* _Work order_
Scan the entries and tally the lines that include the string "shipping". Reply with the figure alone.

━━━━━ Extracted material

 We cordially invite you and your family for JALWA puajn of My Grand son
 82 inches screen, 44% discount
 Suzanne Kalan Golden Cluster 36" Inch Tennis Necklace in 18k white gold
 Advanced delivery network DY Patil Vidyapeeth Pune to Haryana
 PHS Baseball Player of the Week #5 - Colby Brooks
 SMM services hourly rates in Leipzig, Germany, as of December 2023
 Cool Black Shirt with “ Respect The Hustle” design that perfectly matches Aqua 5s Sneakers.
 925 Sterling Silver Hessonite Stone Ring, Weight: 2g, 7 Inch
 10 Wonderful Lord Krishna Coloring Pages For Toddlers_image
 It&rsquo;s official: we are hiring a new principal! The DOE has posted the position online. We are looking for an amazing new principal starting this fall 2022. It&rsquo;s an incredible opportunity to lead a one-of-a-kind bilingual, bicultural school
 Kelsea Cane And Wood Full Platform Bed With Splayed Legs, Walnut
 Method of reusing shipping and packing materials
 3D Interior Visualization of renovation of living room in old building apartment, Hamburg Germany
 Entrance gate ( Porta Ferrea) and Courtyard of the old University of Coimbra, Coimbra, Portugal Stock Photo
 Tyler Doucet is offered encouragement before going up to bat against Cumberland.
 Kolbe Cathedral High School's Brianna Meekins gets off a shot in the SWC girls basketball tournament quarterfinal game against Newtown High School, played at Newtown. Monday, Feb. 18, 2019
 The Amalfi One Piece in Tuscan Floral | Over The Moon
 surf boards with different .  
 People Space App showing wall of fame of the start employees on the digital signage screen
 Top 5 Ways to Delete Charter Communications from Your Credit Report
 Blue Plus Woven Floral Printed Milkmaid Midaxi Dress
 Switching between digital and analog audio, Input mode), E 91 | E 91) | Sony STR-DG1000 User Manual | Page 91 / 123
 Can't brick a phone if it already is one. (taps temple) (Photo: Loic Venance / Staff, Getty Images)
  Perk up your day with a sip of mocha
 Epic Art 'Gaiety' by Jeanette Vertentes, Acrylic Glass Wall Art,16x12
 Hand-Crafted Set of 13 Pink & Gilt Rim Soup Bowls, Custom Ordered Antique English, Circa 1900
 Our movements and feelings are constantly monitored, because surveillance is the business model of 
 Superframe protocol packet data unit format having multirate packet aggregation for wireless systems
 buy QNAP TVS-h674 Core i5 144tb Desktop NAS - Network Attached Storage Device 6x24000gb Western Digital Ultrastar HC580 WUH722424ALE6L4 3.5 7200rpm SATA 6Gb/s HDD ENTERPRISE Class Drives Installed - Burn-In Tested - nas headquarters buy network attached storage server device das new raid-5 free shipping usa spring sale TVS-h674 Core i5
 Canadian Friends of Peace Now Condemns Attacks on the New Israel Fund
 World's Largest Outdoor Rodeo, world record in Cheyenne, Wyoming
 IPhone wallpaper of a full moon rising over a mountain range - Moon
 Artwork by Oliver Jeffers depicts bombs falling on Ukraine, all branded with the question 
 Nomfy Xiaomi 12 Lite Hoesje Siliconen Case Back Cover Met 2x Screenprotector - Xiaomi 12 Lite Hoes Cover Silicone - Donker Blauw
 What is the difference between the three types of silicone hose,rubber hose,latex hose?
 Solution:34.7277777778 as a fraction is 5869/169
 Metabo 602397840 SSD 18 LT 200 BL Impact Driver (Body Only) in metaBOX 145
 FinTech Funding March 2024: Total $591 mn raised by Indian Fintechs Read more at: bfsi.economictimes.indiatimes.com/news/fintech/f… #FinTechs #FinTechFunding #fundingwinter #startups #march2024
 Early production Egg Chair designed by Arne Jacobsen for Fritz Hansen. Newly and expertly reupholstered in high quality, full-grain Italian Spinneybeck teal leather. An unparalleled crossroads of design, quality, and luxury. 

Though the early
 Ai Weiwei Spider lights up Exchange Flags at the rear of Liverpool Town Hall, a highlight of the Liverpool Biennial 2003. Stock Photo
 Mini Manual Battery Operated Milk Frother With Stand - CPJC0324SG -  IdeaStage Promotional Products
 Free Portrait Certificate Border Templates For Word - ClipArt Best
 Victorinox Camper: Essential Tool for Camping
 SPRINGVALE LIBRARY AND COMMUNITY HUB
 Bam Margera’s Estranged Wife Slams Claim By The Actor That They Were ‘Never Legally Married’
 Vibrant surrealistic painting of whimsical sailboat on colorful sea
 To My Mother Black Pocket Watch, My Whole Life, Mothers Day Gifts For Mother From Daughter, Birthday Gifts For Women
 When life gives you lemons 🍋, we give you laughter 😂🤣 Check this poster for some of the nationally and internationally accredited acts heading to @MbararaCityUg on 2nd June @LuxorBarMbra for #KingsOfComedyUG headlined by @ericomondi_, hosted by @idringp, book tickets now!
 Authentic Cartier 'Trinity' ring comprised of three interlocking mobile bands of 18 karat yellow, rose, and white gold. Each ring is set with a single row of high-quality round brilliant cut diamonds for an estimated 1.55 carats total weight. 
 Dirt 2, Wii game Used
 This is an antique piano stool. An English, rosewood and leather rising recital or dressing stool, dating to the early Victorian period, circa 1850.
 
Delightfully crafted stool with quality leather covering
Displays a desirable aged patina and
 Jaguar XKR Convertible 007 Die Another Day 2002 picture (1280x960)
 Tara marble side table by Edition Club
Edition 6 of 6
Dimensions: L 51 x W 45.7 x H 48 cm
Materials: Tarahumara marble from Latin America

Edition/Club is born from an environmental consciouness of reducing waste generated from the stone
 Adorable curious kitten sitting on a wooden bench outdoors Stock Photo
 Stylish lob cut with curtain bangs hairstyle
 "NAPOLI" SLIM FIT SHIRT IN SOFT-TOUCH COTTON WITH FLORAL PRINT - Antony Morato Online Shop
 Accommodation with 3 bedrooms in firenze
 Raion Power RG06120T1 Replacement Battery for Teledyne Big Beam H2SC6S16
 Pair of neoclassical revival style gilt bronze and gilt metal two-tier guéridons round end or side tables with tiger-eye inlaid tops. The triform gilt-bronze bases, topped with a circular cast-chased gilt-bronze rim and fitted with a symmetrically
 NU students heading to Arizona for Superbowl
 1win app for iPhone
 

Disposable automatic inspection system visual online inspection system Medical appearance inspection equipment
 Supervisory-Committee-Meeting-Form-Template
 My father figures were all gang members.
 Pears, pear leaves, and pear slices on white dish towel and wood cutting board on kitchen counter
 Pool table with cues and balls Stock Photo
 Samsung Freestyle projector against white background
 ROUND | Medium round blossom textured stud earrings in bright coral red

━━━━━━━━━━

* _Answer to the problem_
2